Estudio de la secrecion de inmunoglobulinas en celulas plasmaticas humanas

  1. REALES RODRIGUEZ, ELENA
Dirigida por:
  1. Antonio Campos Caro Director

Universidad de defensa: Universidad de Cádiz

Fecha de defensa: 10 de diciembre de 2004

Tribunal:
  1. Carmen Estrada Cerquera Presidente/a
  2. Francisco Jose Garcia-Cozar Secretario
  3. Manuel Aguilar Diosdado Vocal
  4. Luis Miguel Gutiérrez Pérez Vocal
  5. Víctor Sánchez-Margalet Vocal
Departamento:
  1. Biomedicina, Biotecnología y Salud Pública

Tipo: Tesis

Teseo: 294279 DIALNET

Resumen

Las células plasmáticas juegan un papel crítico en la inmunidad adaptativa como mediadores de la respuesta inmune humoral. Estas células son linfocitos-B diferenciados con la única finalidad de secretar inmunoglobulinas o anticuerpos. A pesar de la importancia de este proceso, no se ha estudiado aún que mecanismos podrían estar implicados en la exocitosis de inmunoglobulinas. Por otra parte, se conoce que las proteinas SNARes (soluble N-ethylmaleimide-sensitive factor attachment protein receptors) median los procesos de fusión de membranas en la célula y se han asociado a procesos de exocitosis en diversos sistemas, por lo que nos planteamos en este trabajo si estas proteinas estarían involucradas en la exocitosis de anticuerpos.
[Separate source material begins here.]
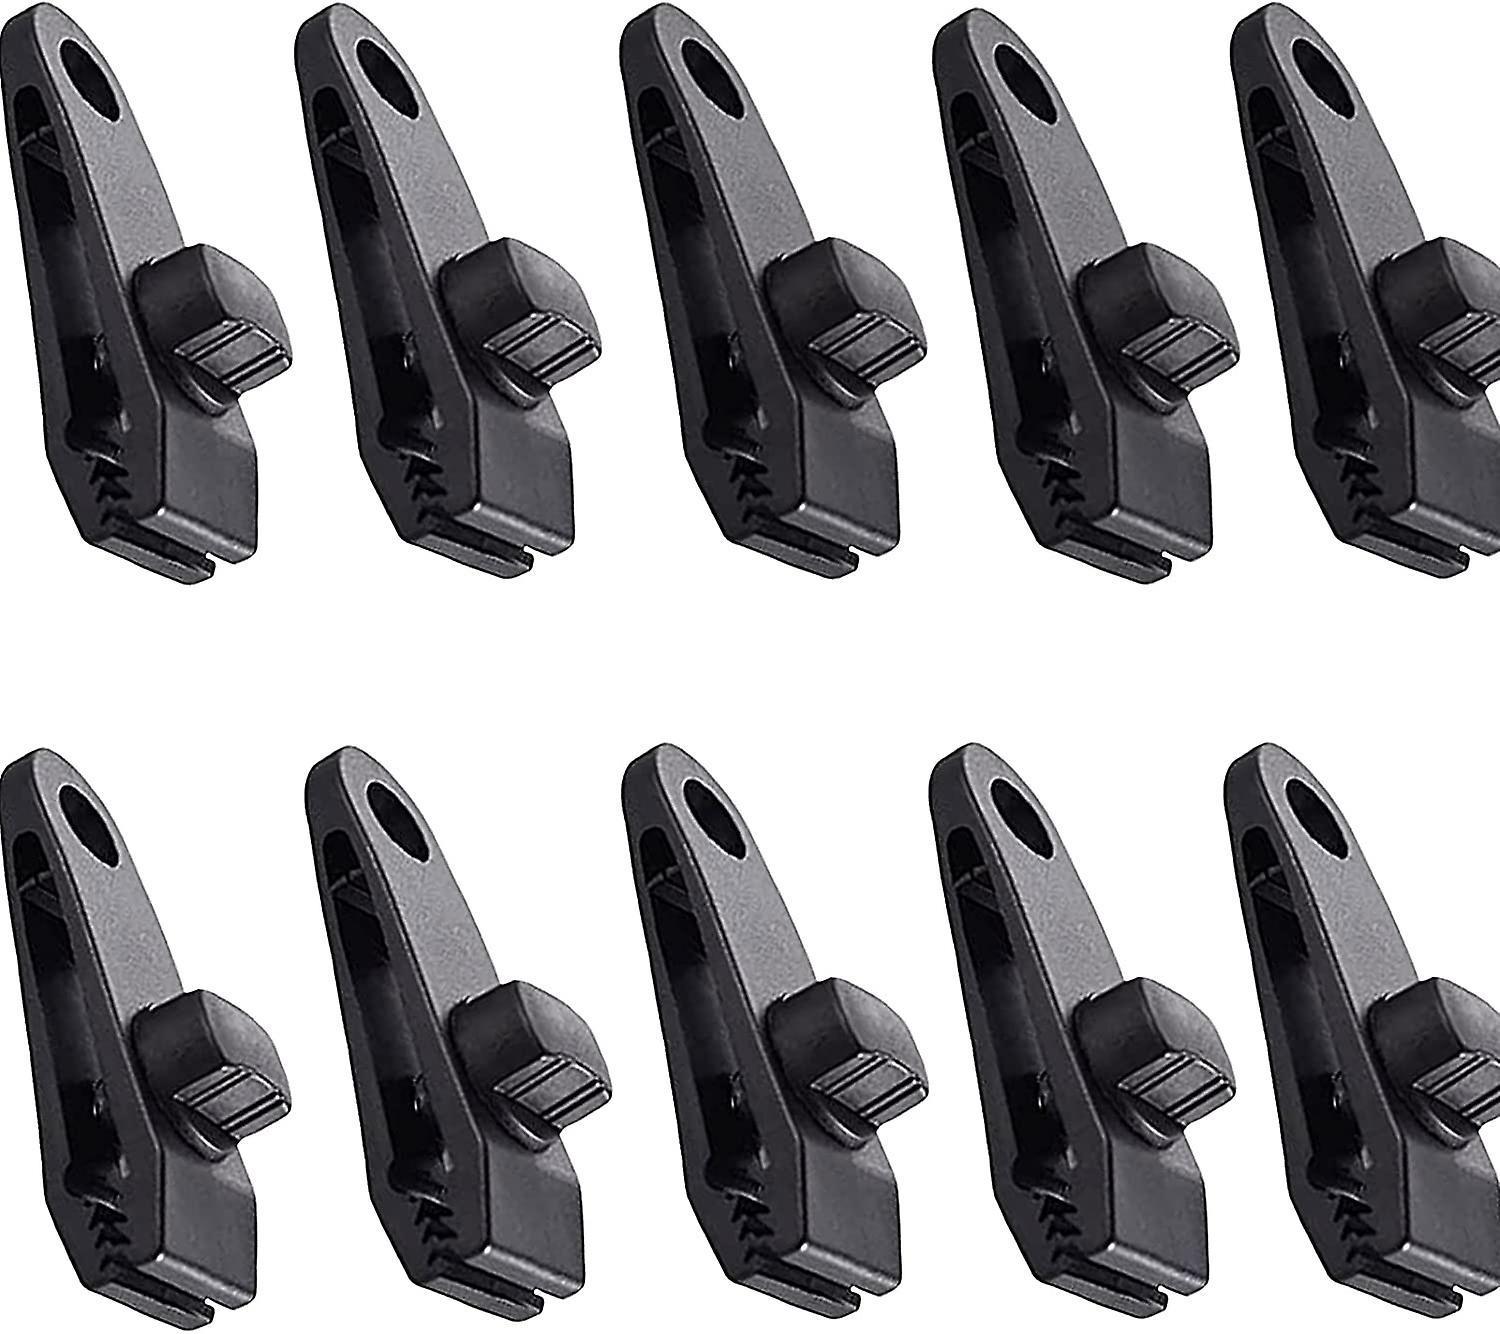 Tarp Clips 10pcs Tent Clips Awning Clips Awning Camping Tent Clips Tarp Clips Outdoor Activities Awning Black
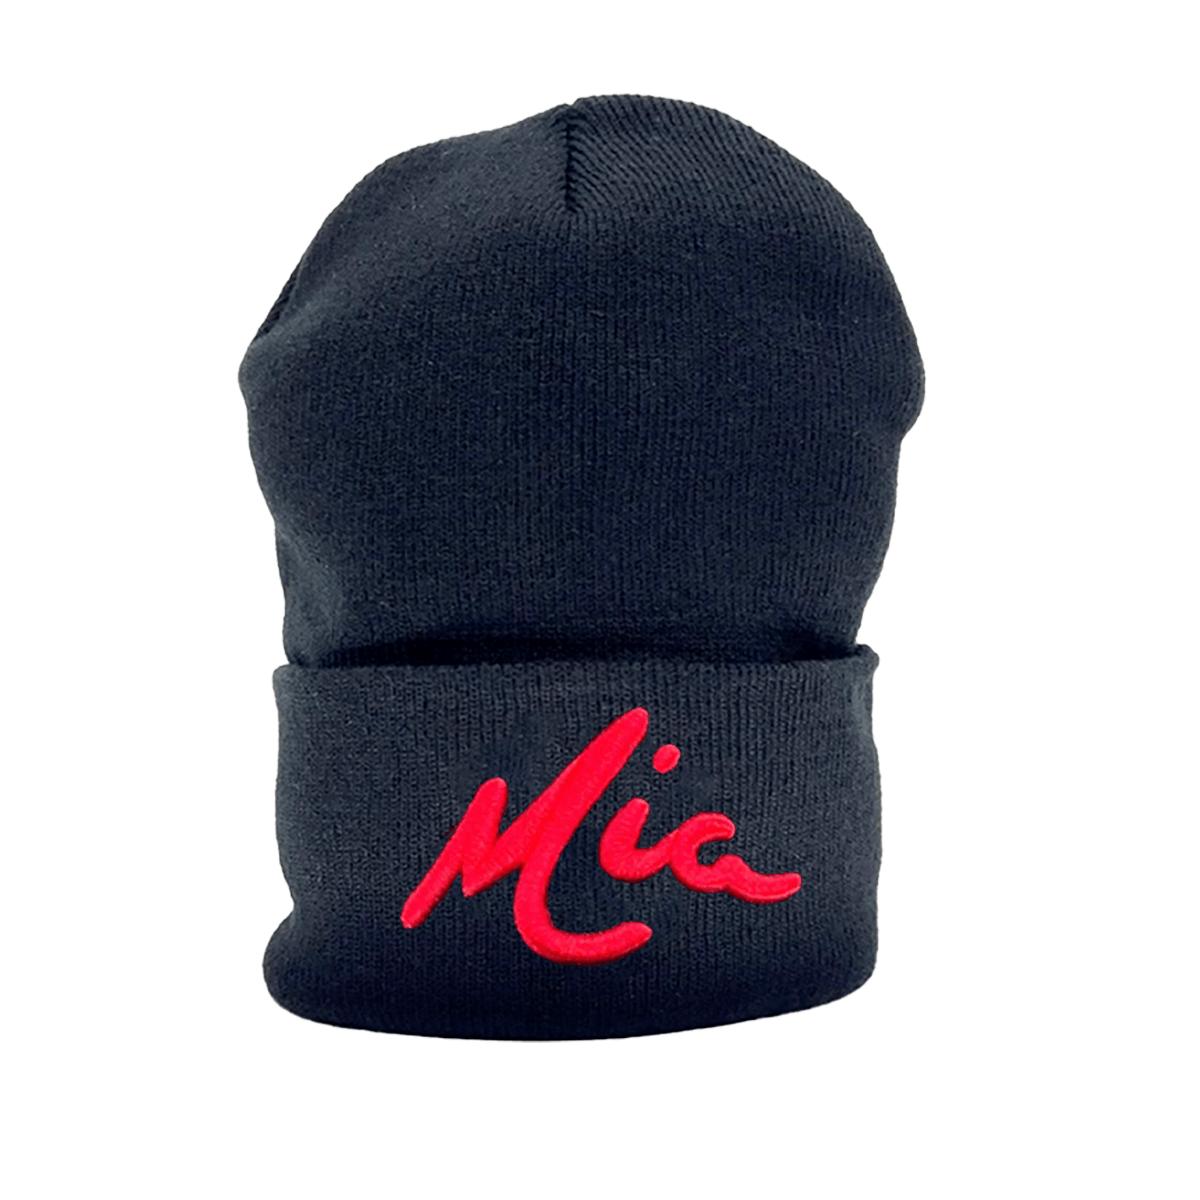 - THE OVERTIME BEANIE -

Para el estudio usamos células plasmáticas humanas normales obtenidas de lámina propia de colon y sangre periférica; y tumorales, en este caso las lineas celulares IM-9 y U266. Mediante ensayos de detección de transcritos primarios (RT-PCR y Protección de ARNasas) y proteinas ("Western-blotting", Inmunofluorescencia y subfraccionamientos celulares) identificamos en las células a estudio las proteinas SNAREs, VAMP-2, VAMP-3, VAMP-4, VAMP-5, VAMP-8, SNAP-23, Sintaxina-2, Sintaxina-3, Sintaxina-4, proteinas que se han descrito preferentemente en procesos de exocitosis en otros sistemas. Las proteinas VAMP-1, SNAP-25 y Sintaxina-1 no se detectan., las cuales son más específicas de tejidos neuronales y neuroendocrinos. Cuando transfectamos las células plasmáticas con proteinas de fusión GST-SNAP-23(1-203) observamos una inhibición de la secreción de inmunoglobulinas. Sin embargo, con la transfección de GST o la forma delecionada GST-SNAP-23(1-150) (delección de unión a otros SNAREs) no se veia afectada la secreción. Estos datos sugieren que la proteína SNAP-23 parece estar implicada en la secreción de inmunoglobulinas, y las proteinas de fusión para SNAP-23 estarían uniéndose a proteínas SNAREs dianas endógenas, dando lugar a interacciones no productivas, por lo que estarían actuando como péptidos inhibitorios y bloqueando así la exocitosis de anticuerpos.